## Exercise data
● ● ●

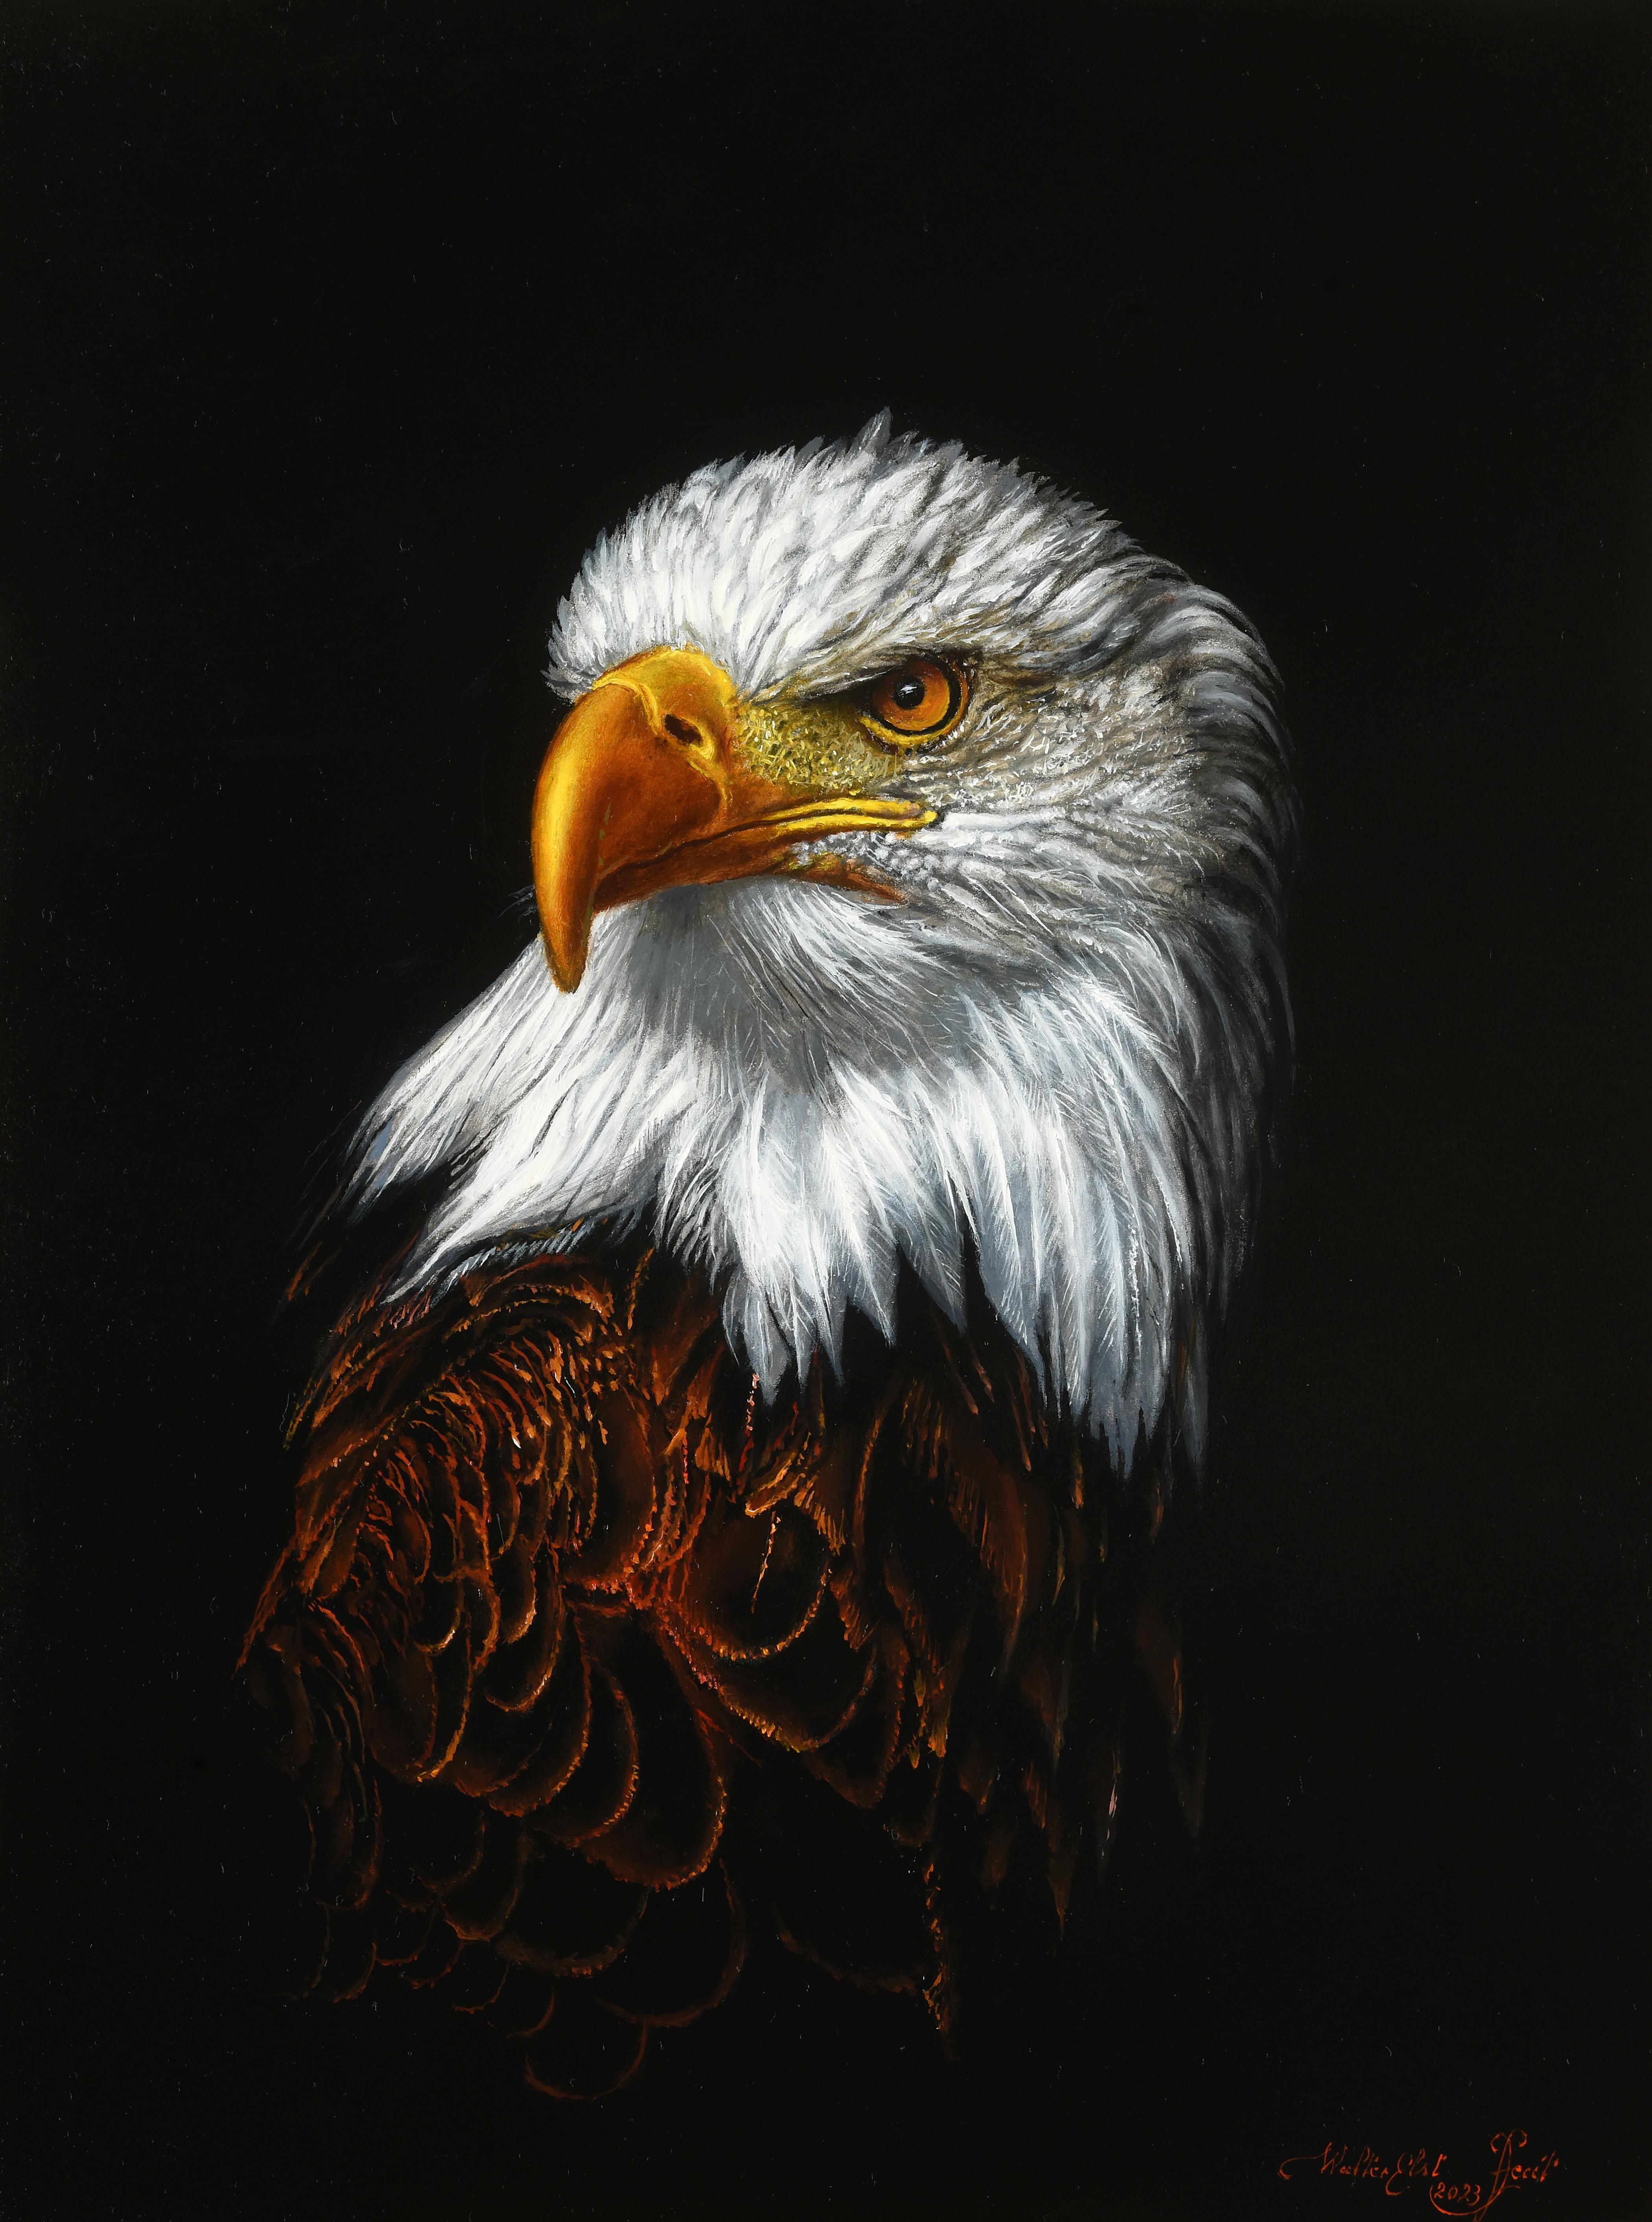 Adelaar Eagle Oil Painting on Panel Birds Wildlife In Stock  - Sizes are measured without frame

Walter Elst Born in Antwerp, Belgium - 1955  After finishing his study Medicine at the University of Brussels Walter Elst decided to dedicate himself to
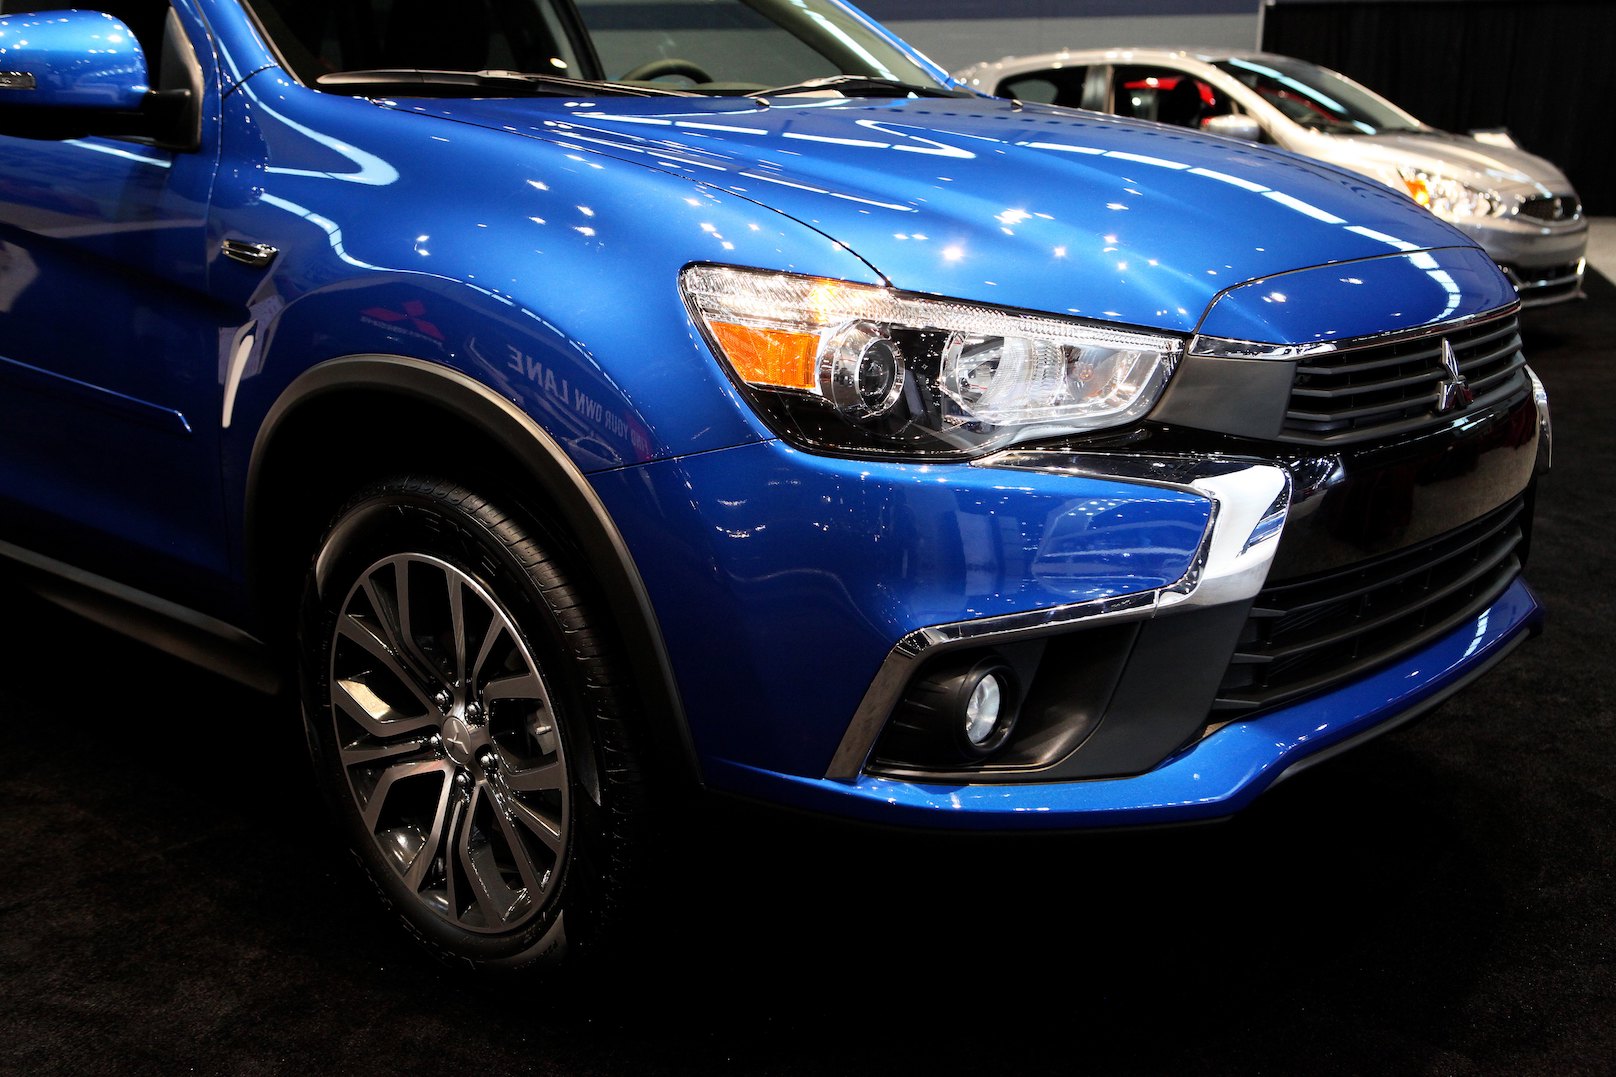 2017 Mitsubishi Outlander Sport is on display at the 109th Annual Chicago Auto Show
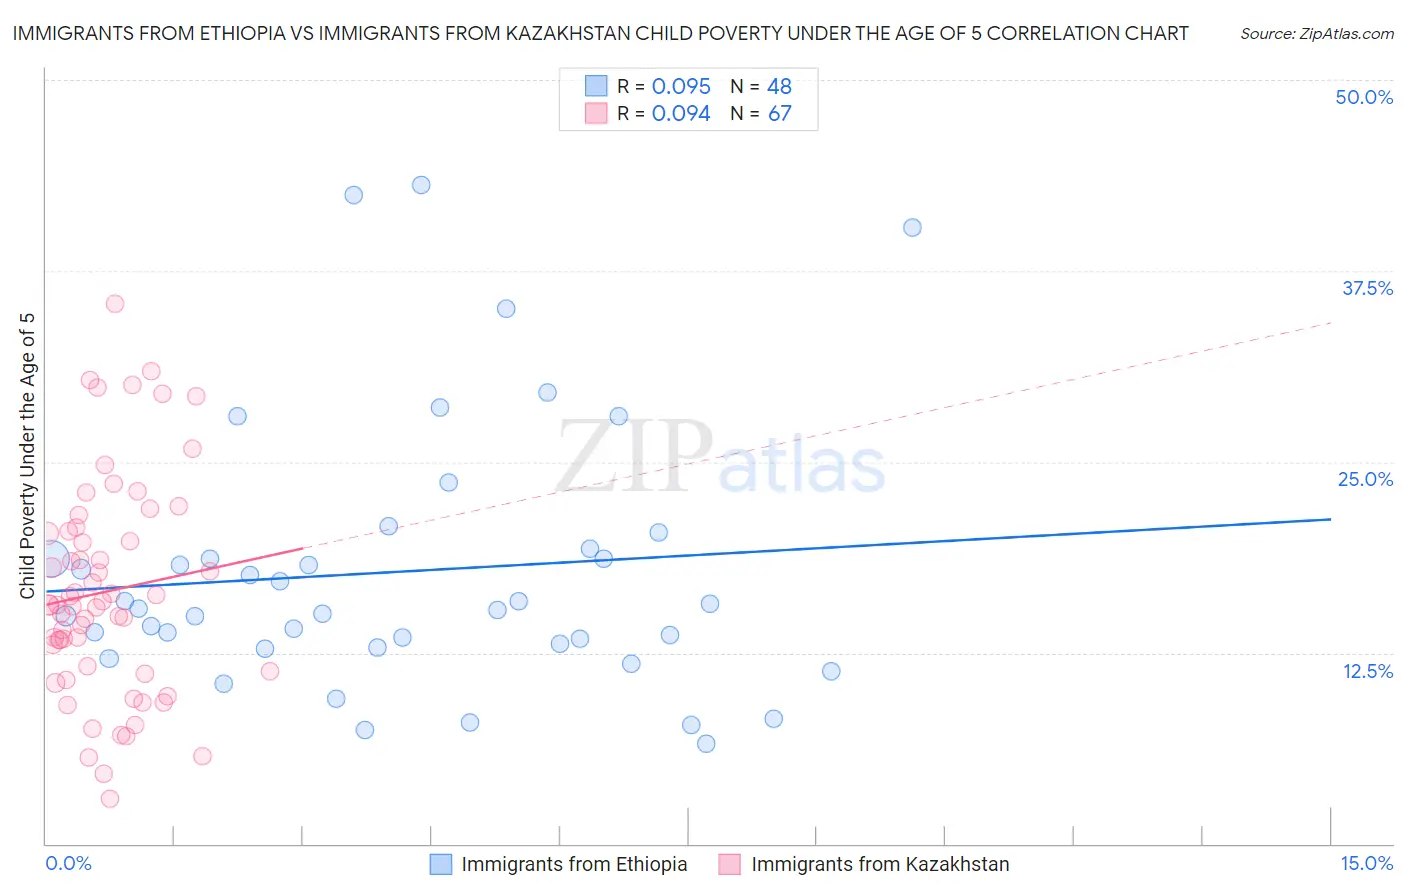 Immigrants from Ethiopia vs Immigrants from Kazakhstan Child Poverty Under the Age of 5

● ● ●

## Prompt
Write the listing above out again exactly, dropping each image.

## Answer for the task
 Adelaar Eagle Oil Painting on Panel Birds Wildlife In Stock  - Sizes are measured without frame

Walter Elst Born in Antwerp, Belgium - 1955  After finishing his study Medicine at the University of Brussels Walter Elst decided to dedicate himself to
 2017 Mitsubishi Outlander Sport is on display at the 109th Annual Chicago Auto Show
 Immigrants from Ethiopia vs Immigrants from Kazakhstan Child Poverty Under the Age of 5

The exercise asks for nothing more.